= To do =
Your copy should repeat each record exactly and contain none of the pictures.

(Stored entries)
[Start of Attachment]

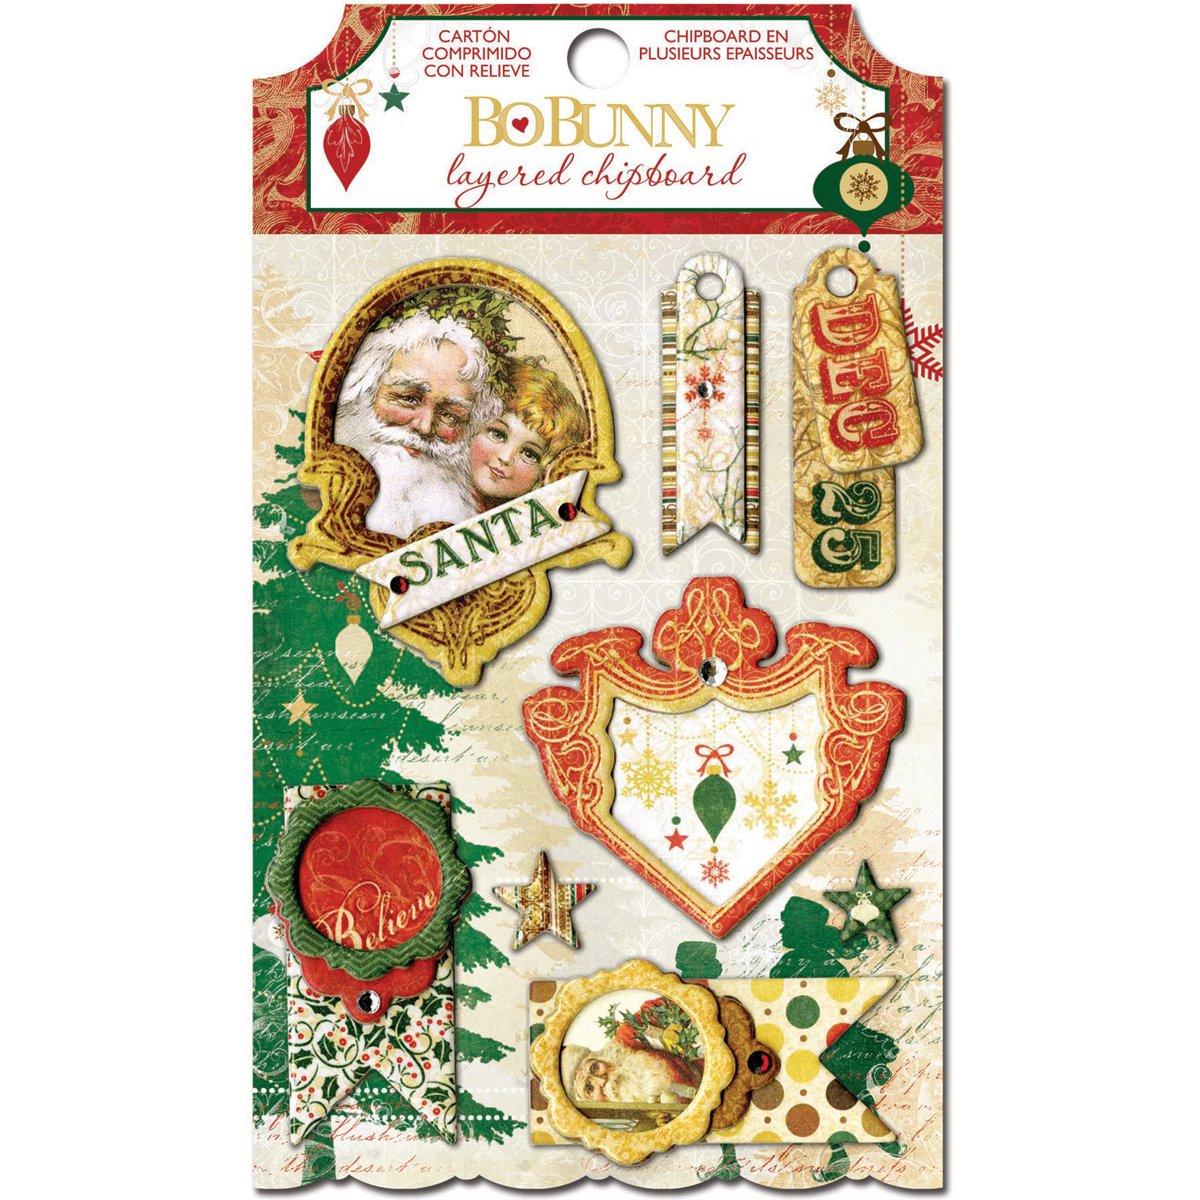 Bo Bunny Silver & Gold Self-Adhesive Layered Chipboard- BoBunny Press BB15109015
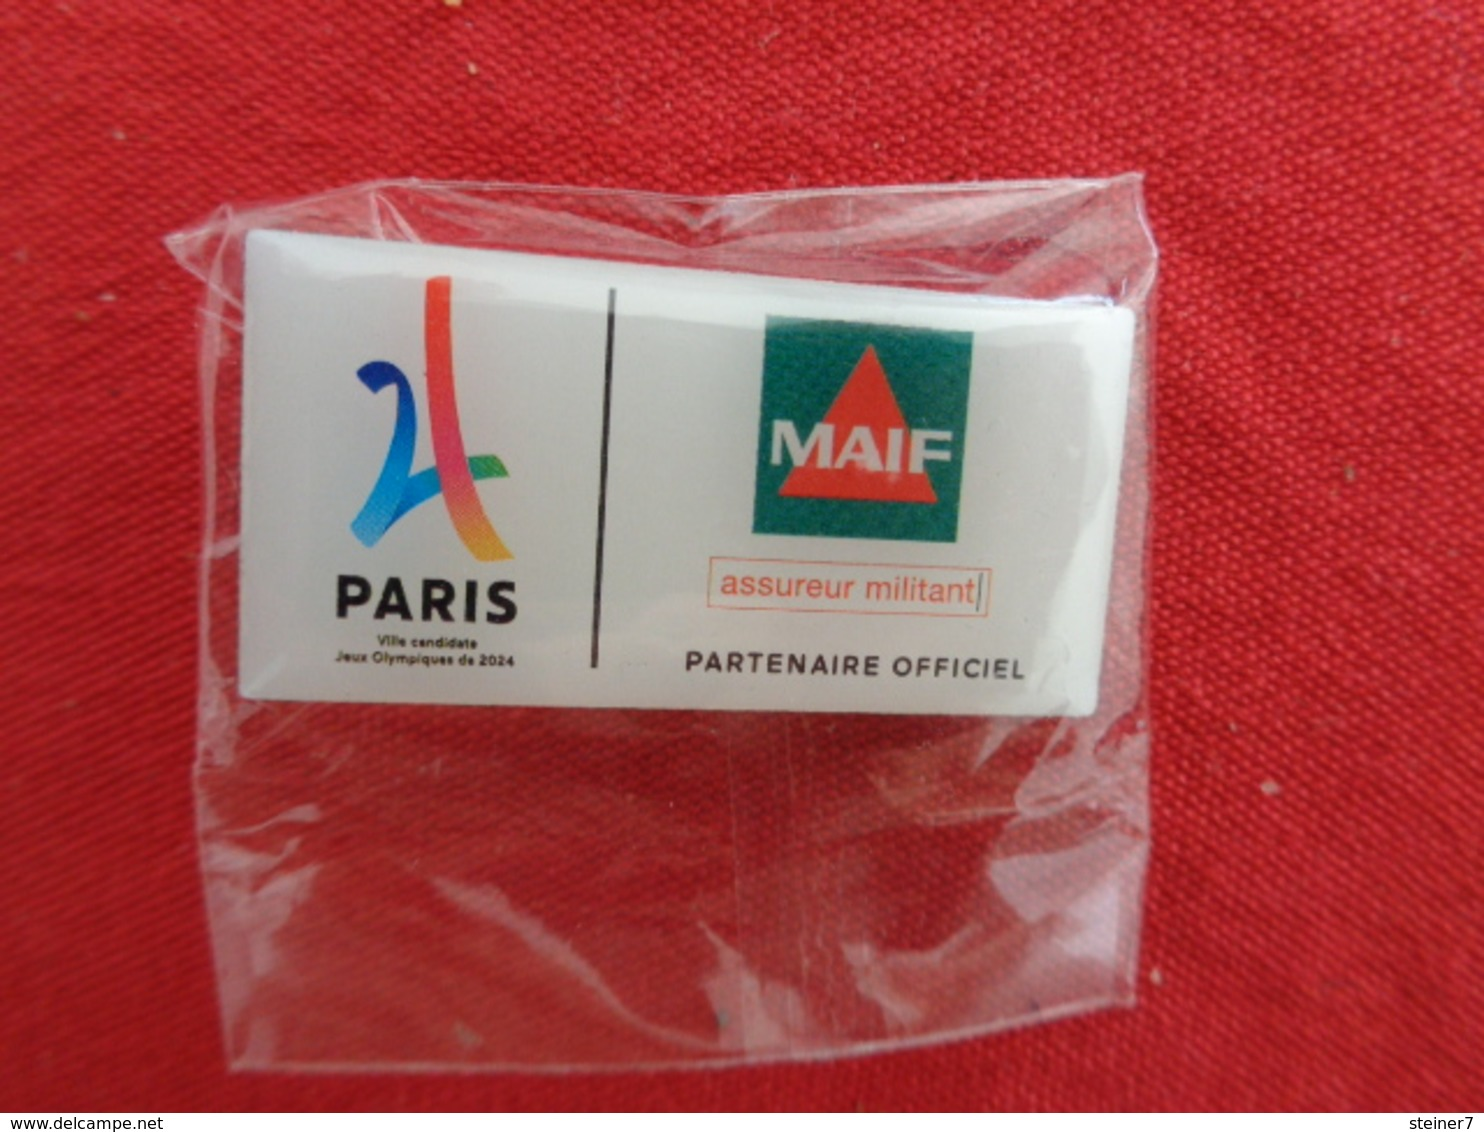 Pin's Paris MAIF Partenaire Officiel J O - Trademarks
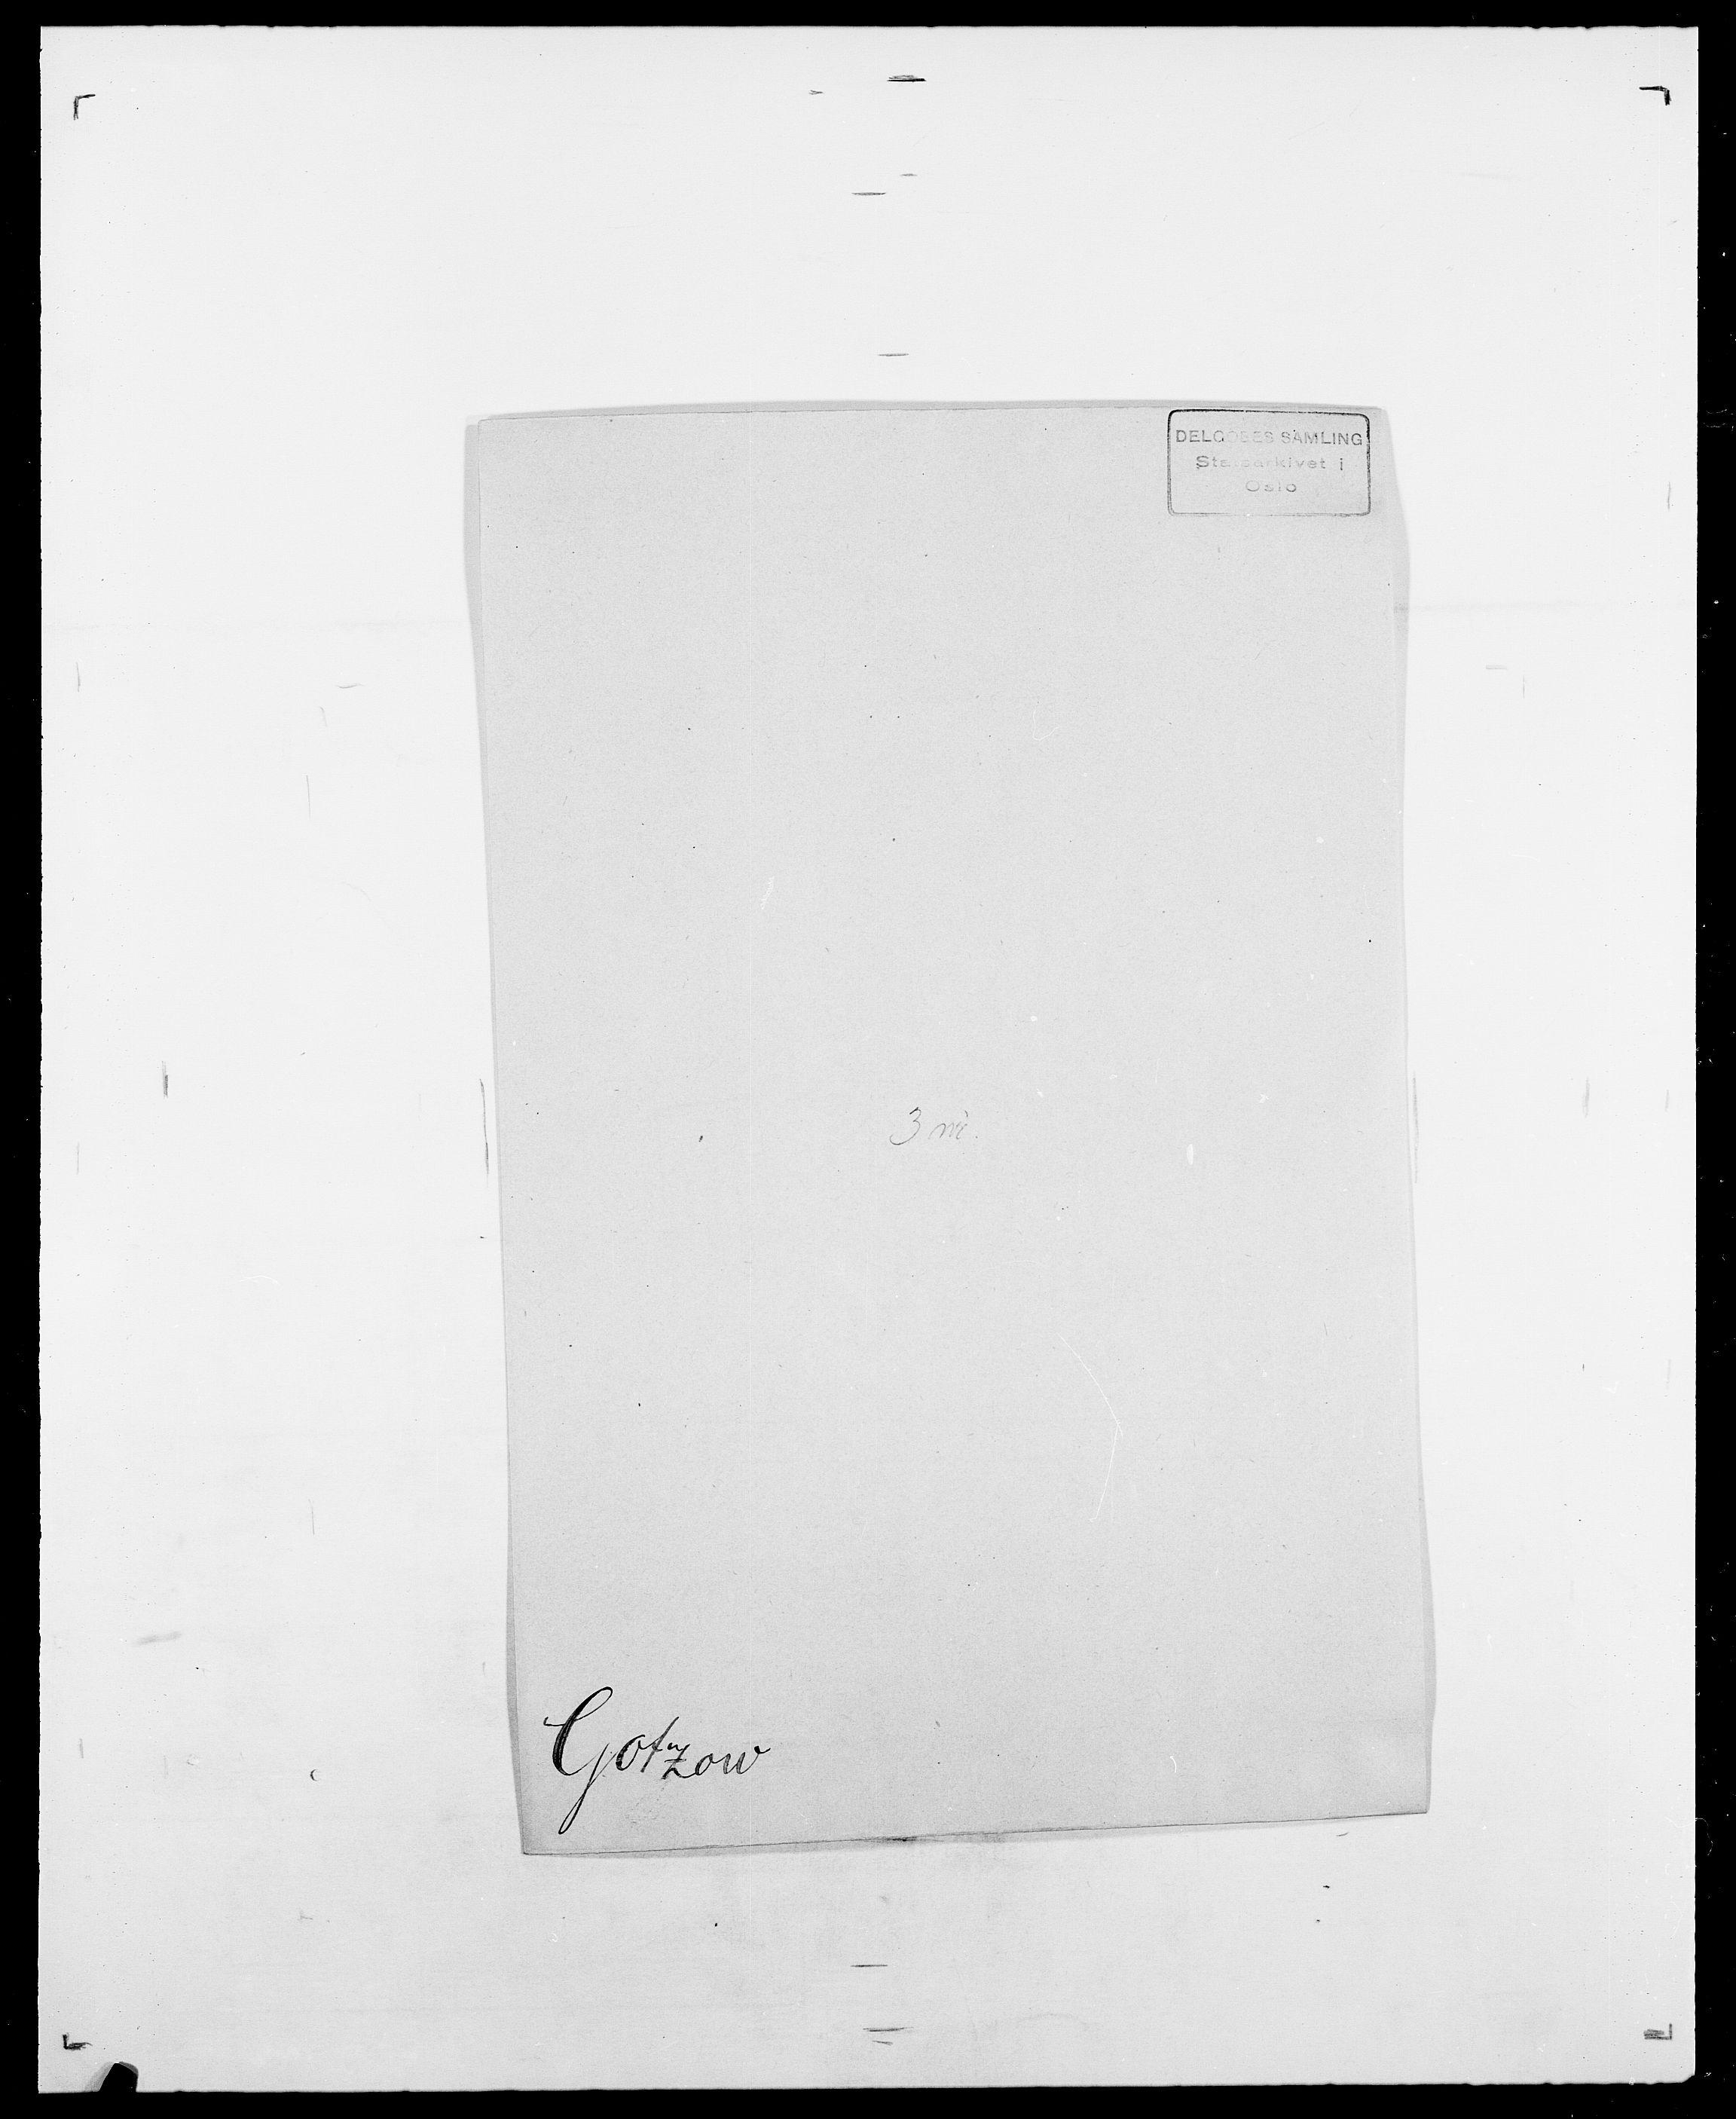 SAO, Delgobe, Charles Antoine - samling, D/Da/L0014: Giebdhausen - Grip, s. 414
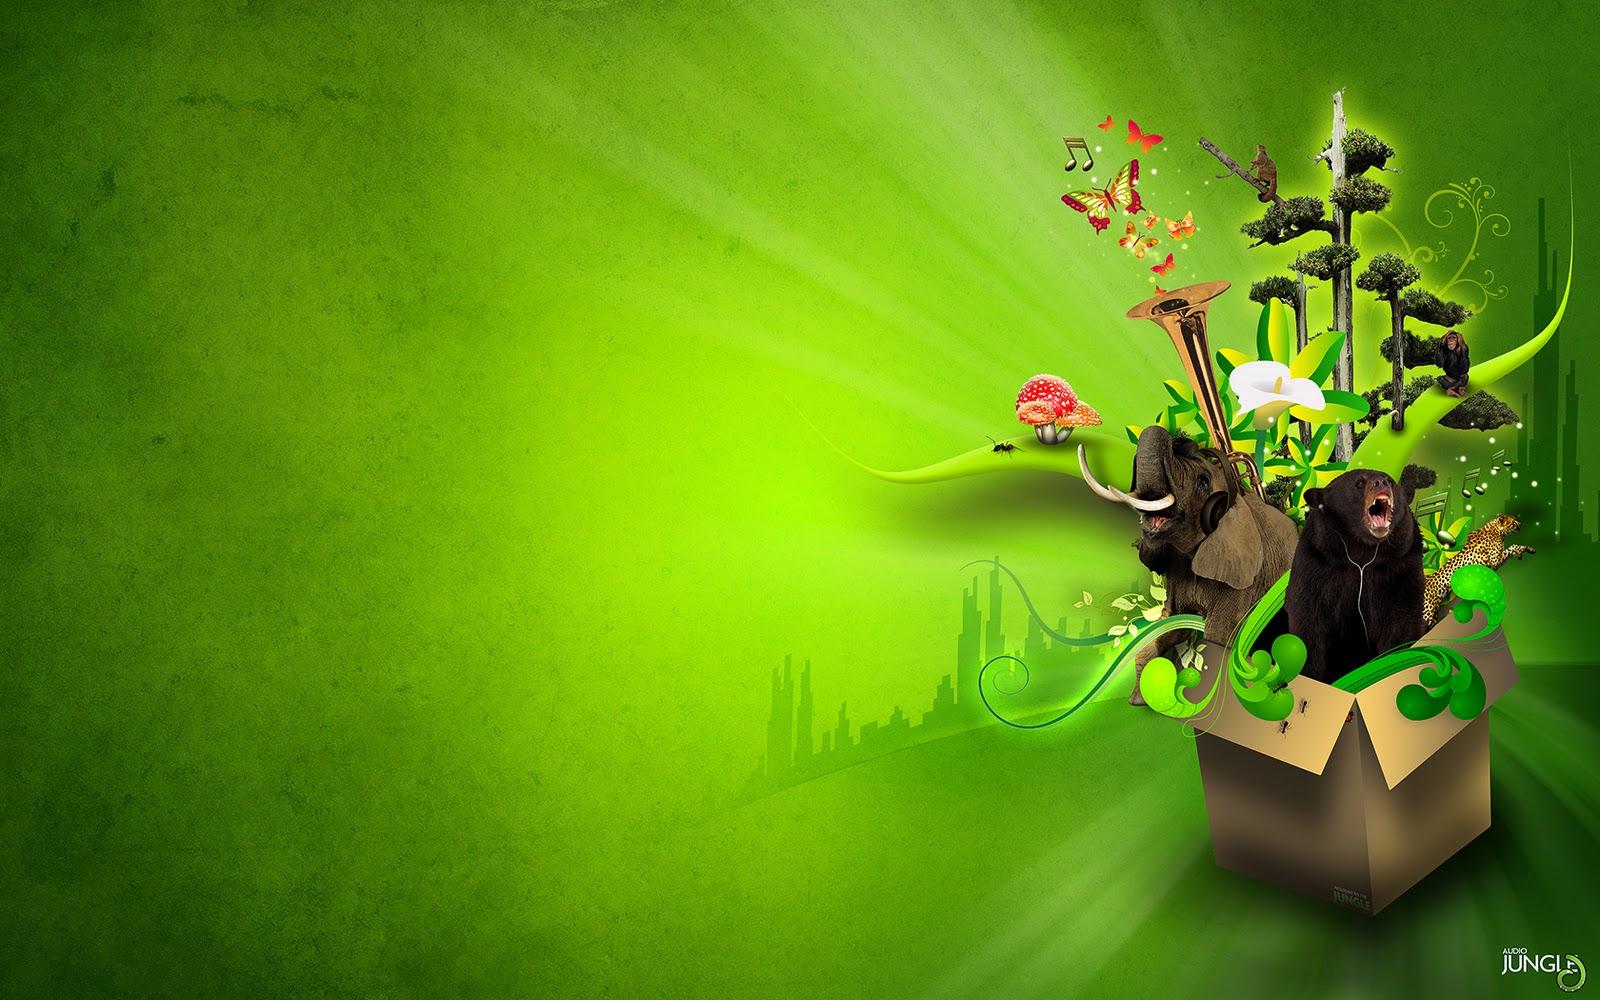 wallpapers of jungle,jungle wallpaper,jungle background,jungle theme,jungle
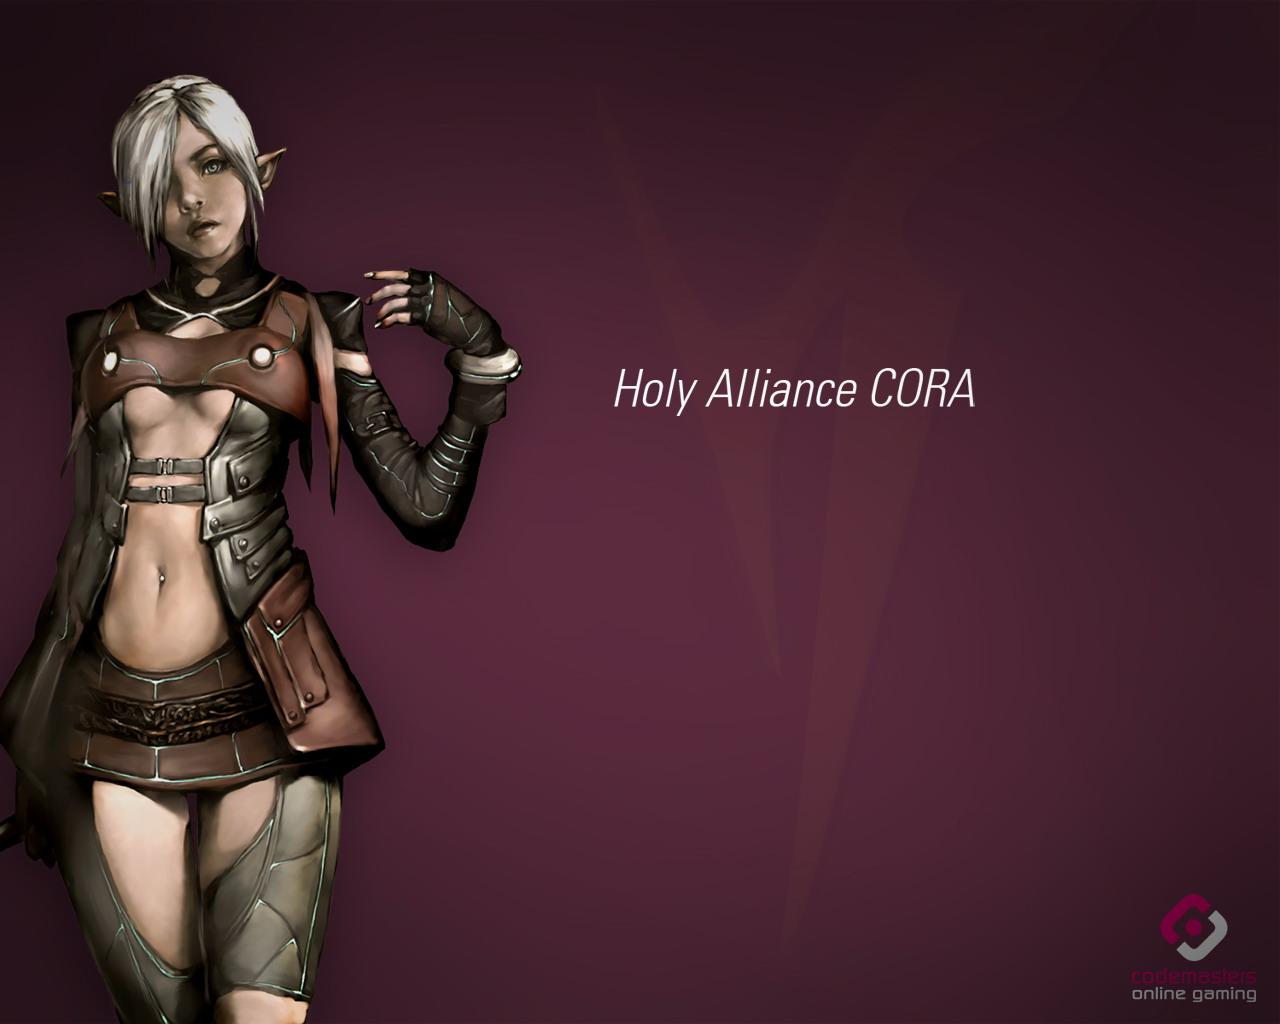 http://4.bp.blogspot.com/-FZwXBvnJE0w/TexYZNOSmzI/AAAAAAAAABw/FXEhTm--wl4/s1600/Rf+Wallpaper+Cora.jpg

[End of Attachment]

= Solution to this task =
 Bo Bunny Silver & Gold Self-Adhesive Layered Chipboard- BoBunny Press BB15109015
 Pin's Paris MAIF Partenaire Officiel J O - Trademarks
 SAO, Delgobe, Charles Antoine - samling, D/Da/L0014: Giebdhausen - Grip, s. 414
 wallpapers of jungle,jungle wallpaper,jungle background,jungle theme,jungle
 http://4.bp.blogspot.com/-FZwXBvnJE0w/TexYZNOSmzI/AAAAAAAAABw/FXEhTm--wl4/s1600/Rf+Wallpaper+Cora.jpg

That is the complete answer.